From the June 25, 2008 Canadian Financial Post:
Hmmm. Here's a source of oil right next door, where the money won't be funding dictators, religious fanatics, or people that like to blow themselves up--and Obama wants to shut it off. And you were saying that the nasty rumors about Obama being a closet Muslim are just vicious lies? What, exactly, would you expect a closet Muslim to do, if not for this guarantee that we will be even more dependent on oil from places where they have their turbans wound too tight?Big-city U. S. mayors and presidential hopeful Barack Obama, who joined the parade this week of ill-informed, U. S. anti-oil sands policies, should be careful what they wish for.
While the aim is undoubtedly to pander to the electorate in an election year charged with oil and climate-change debate, what they are stoking is an increasingly angry Canadian energy industry that is seriously looking at non-U. S. markets for its oil.

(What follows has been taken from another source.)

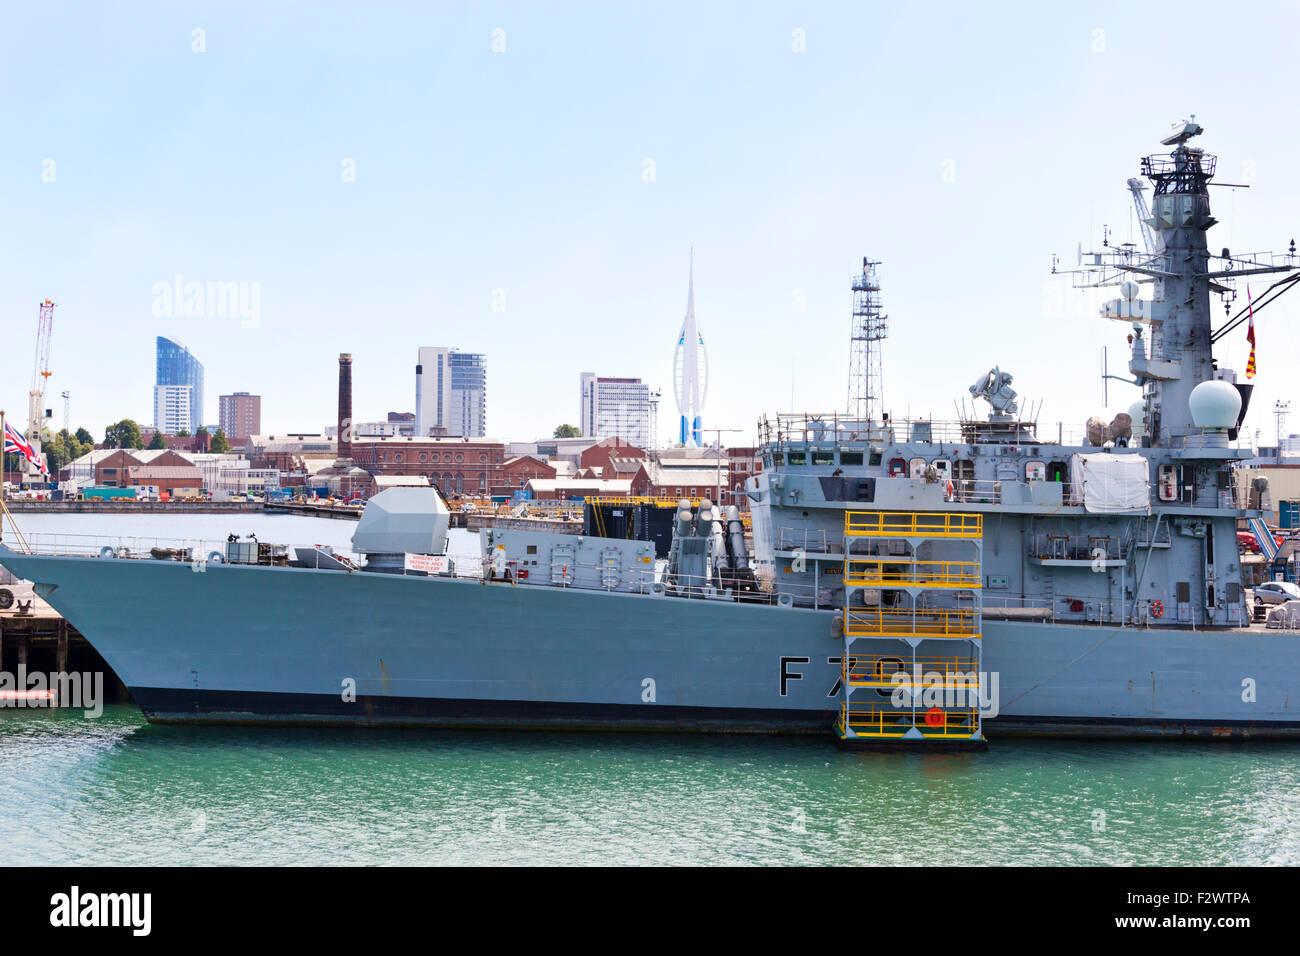 HMS Kent a Type 23 Duke class frigate of the British Royal Navy at Portsmouth Naval Base. Hampshire UK - Stock Image

Here's what Rick George, chief executive of Suncor Energy Inc., Canada's largest single oil sands producer, said this week, reflecting rising frustration with the wave of American anti-oil sands policies:
"We are down to very limited amounts of spare capacity," he said. "Mexico is in very steep decline. The North Sea is in decline. Venezuela is likely to slip from here. There are problems in Nigeria, Russia. The world will absorb this oil one way or the other. If the U. S. doesn't take it, then we will develop other markets."
Borrowing heavily from the rhetoric of the environmental movement, right down to using the pejorative "tar sands" to describe Canada's reserves, mayors from the United States' largest cities adopted a resolution at a meeting in Miami on Monday singling out Western Canada's oil-sands sector as part of a crackdown on fuels that cause global warming.

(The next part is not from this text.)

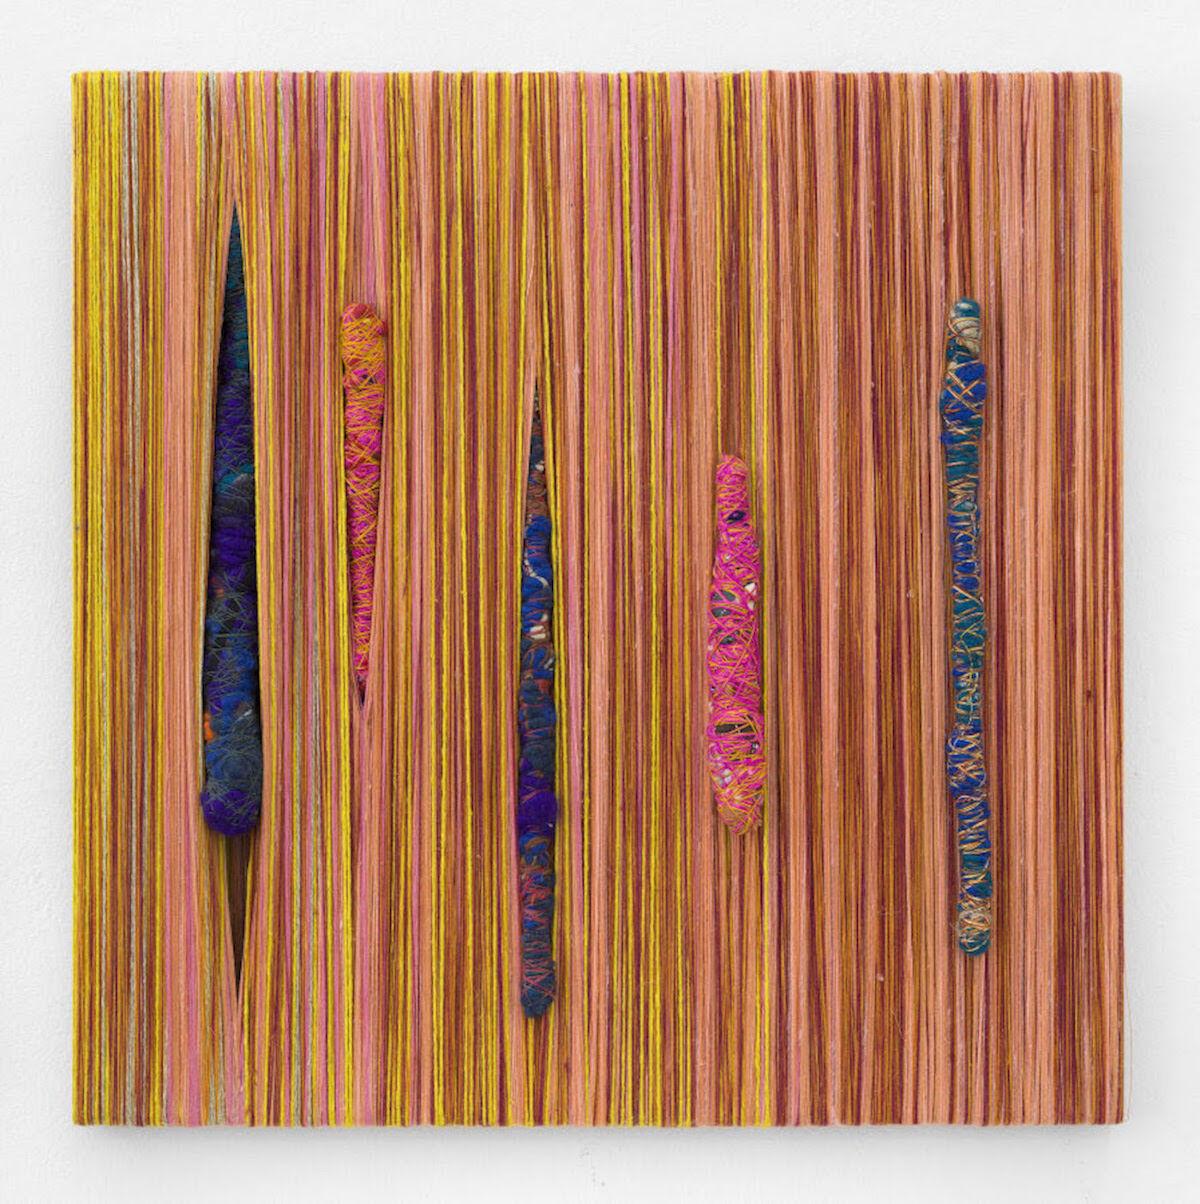 Sheila Hicks, Zihzabal, 2018, pigments, synthetic fibers, cotton, linen. Courtesy the artist and galerie frank elbaz.

Yesterday, Mr. Obama vowed to break America's addiction to "dirty, dwindling and dangerously expensive" oil if elected U. S. president -- and he said one of his first targets may well be imports from Canada's oil sands. A senior advisor to Obama's campaign said it's an "open question" whether Alberta's oil sands fit with Obama's vision for shifting the U. S. dramatically away from carbon-intensive fuels.
Let's try this, Barack Hussein Obama: Pakistan is an ally (not a very strong one, I admit). We don't invade allies. Iran is our enemy--and has been in a state of undeclared war with us since 1979. We don't roll over and engage in submissive urination for an enemy. Canada is our ally--the closest ally that we have. We don't go out of way to insult an ally.
Foreign policy is complex--but Obama seems to be failing even the kindergarten level of it.